Data Mesh Beyond Theory
Norbert Wirth
Data Mesh has grown beyond theory and buzzword. The initial concept as introduced by Zhamak Dehghani in 2019 is described as a socio-technological approach. It has implications on how data is organized and worked with. This keynote will reflect on a Data Mesh implementation journey, on pitfalls and how they can be avoided. In addition to the organizational transformation, Norbert will in particular describe the foundational data platform development, because it’s one of the key success factors.
Handling Multiple Languages in Text Classification Problems at ING
Katharina Wenzel
Text classification is a well-known use case. But how do you approach this classification task if the text is in multiple different languages? In this session Katharina presents different options for solving multi-language classification problems like language embeddings as well as different translation models and APIs and discuss the challenges to use them in practice. Finally, she presents a new approach that works especially well on short texts and which is now used to classify banking transaction at ING.
Innovative Condition Monitoring in the Packaging and Paper Industry at Mondi Group
Günter Röhrich
Industrial paper manufacturing is a highly technological process that requires continuous effort to prevent interruptions. Early detection and proper identification of problems are crucial for timely servicing, optimal personnel allocation, and avoiding breakdowns. Mondi Group and d-fine developed a smart condition monitoring solution that uses the existing technical infrastructure as a maintenance assistant
Understanding and Visualizing Your Online Marketing Audiences using Machine Learning
Dr. Christoph Best
Targeting the right audience is central to successful online marketing. However, traditional audience targeting (e.g. age and gender) is severely limited. Modern audience targeting incorporates and predicts real user behavior, and uses machine learning to create audience that are truly relevant for online advertising. Christoph will discuss the data sources and machine-learning methods to construct relevant audiences for online advertisers, and the tools to explore and visualize such audiences.
Accelerating Public Consultations with Large Language Models (LLMs) for the UK Planning Inspectorate
Dr. Michele Dallachiesa
This talk discusses the challenges faced by the UK Local Planning Authorities (LPAs) in managing written representations from the community for their Local Plans. The volume of information can be overwhelming, making it difficult for LPAs and the Planning Inspectorate to review and assess plans. The talk presents a case study that explores the potential of Large Language Models (LLMs) to streamline the analysis of representations, with significantly reduced processing time and improved accuracy.
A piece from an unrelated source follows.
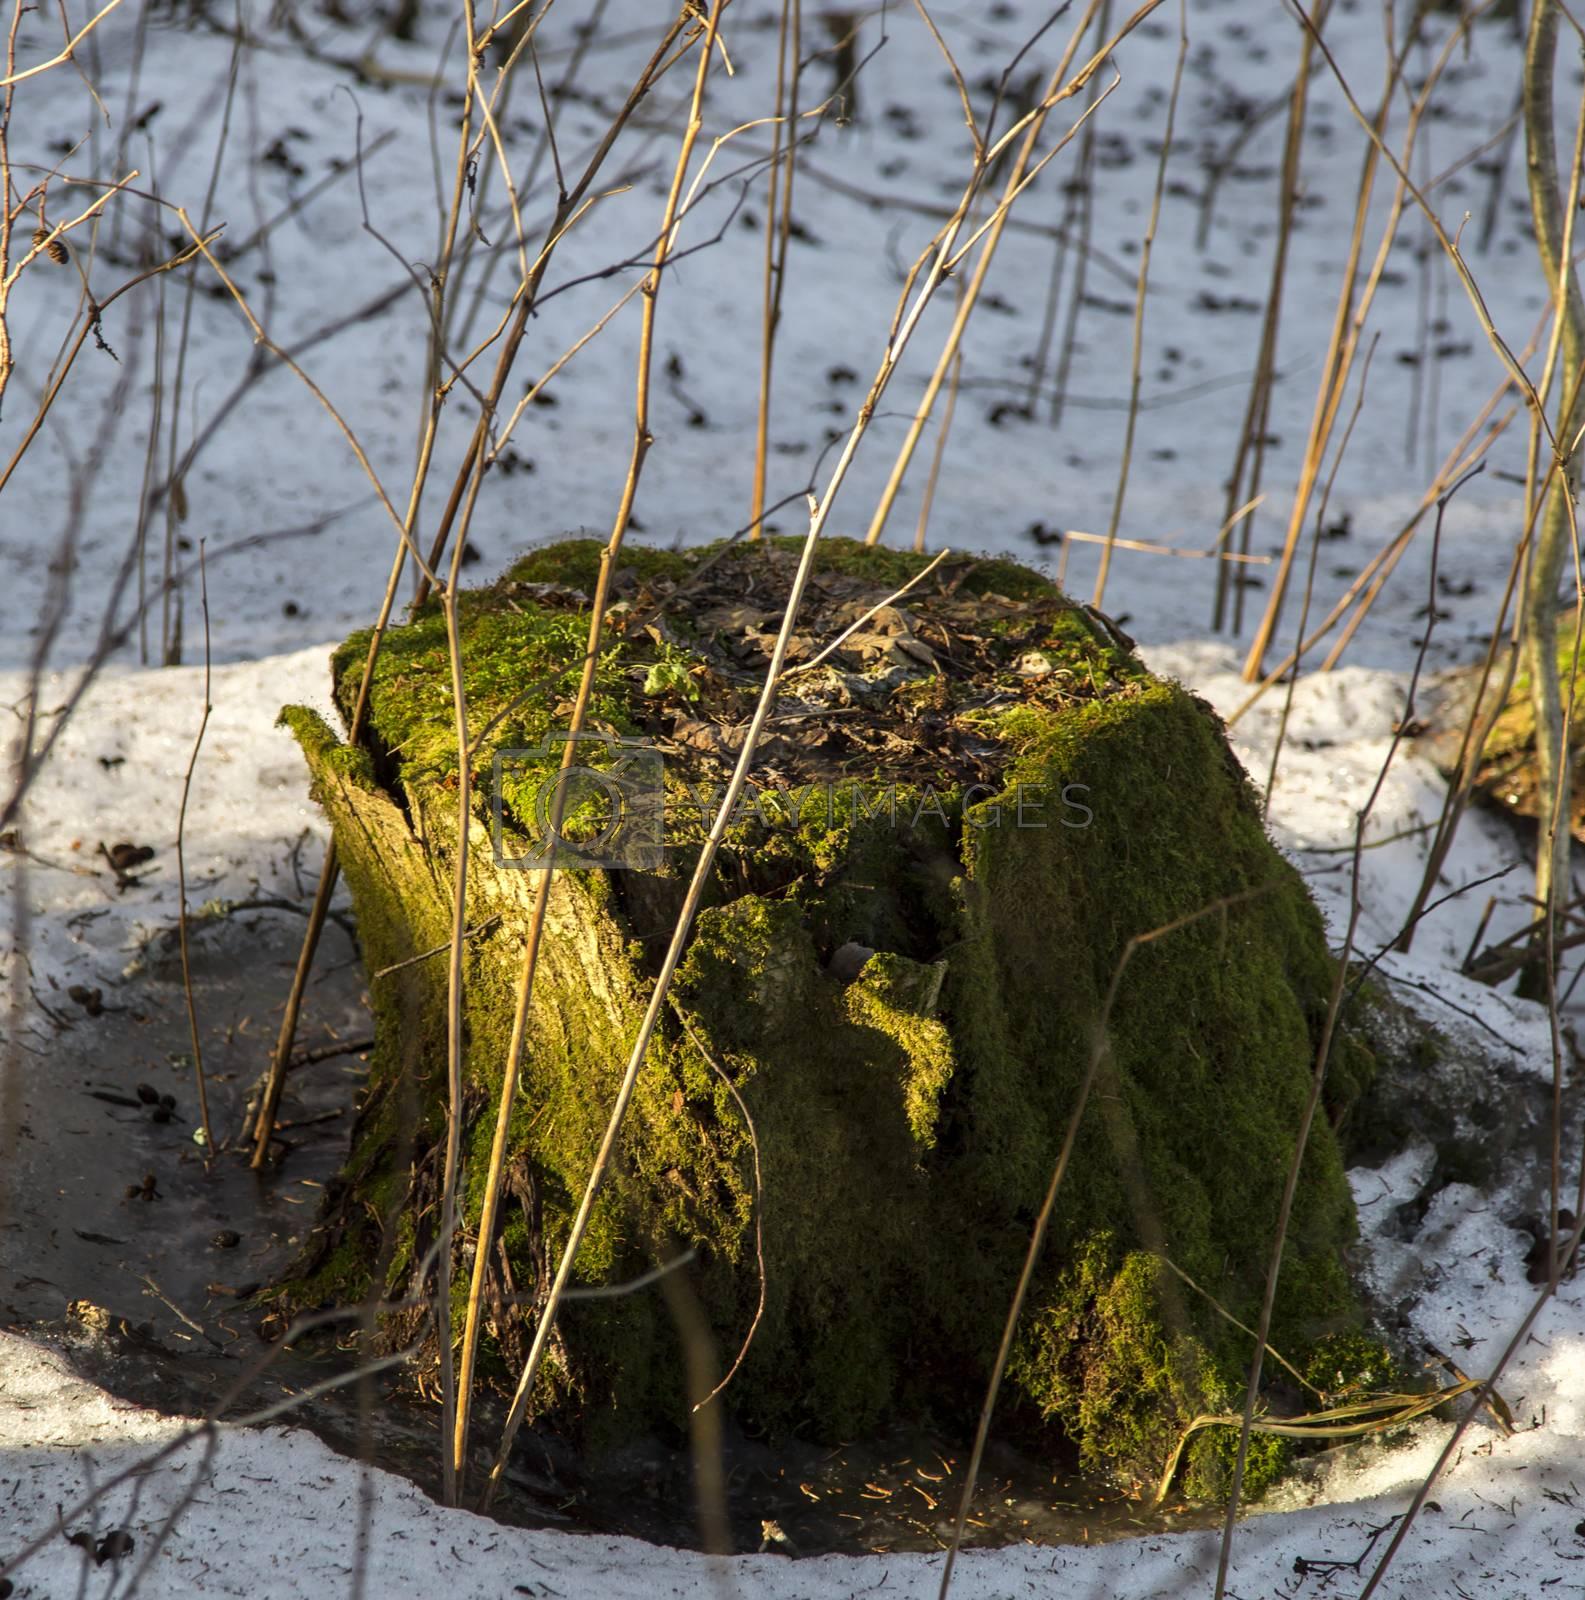 Mossy Stump with snow surrounding it.

Retrieval-Augmented Generation: Using Large Language Models to Get the Most from Your Text Data
Dr. Rob Pasternak
Large language models have taken the world by storm, but what if you’d like to use one with your internal text data? LLMs aren’t trained on your data, and finetuning a bespoke LLM is daunting. However, retrieval-augmented generation (RAG) combines LLMs with document search to create powerful generative NLP systems for your text data. In this talk we will discuss how to build effective RAG pipelines, as well as how to address potential concerns like privacy and hallucination effects.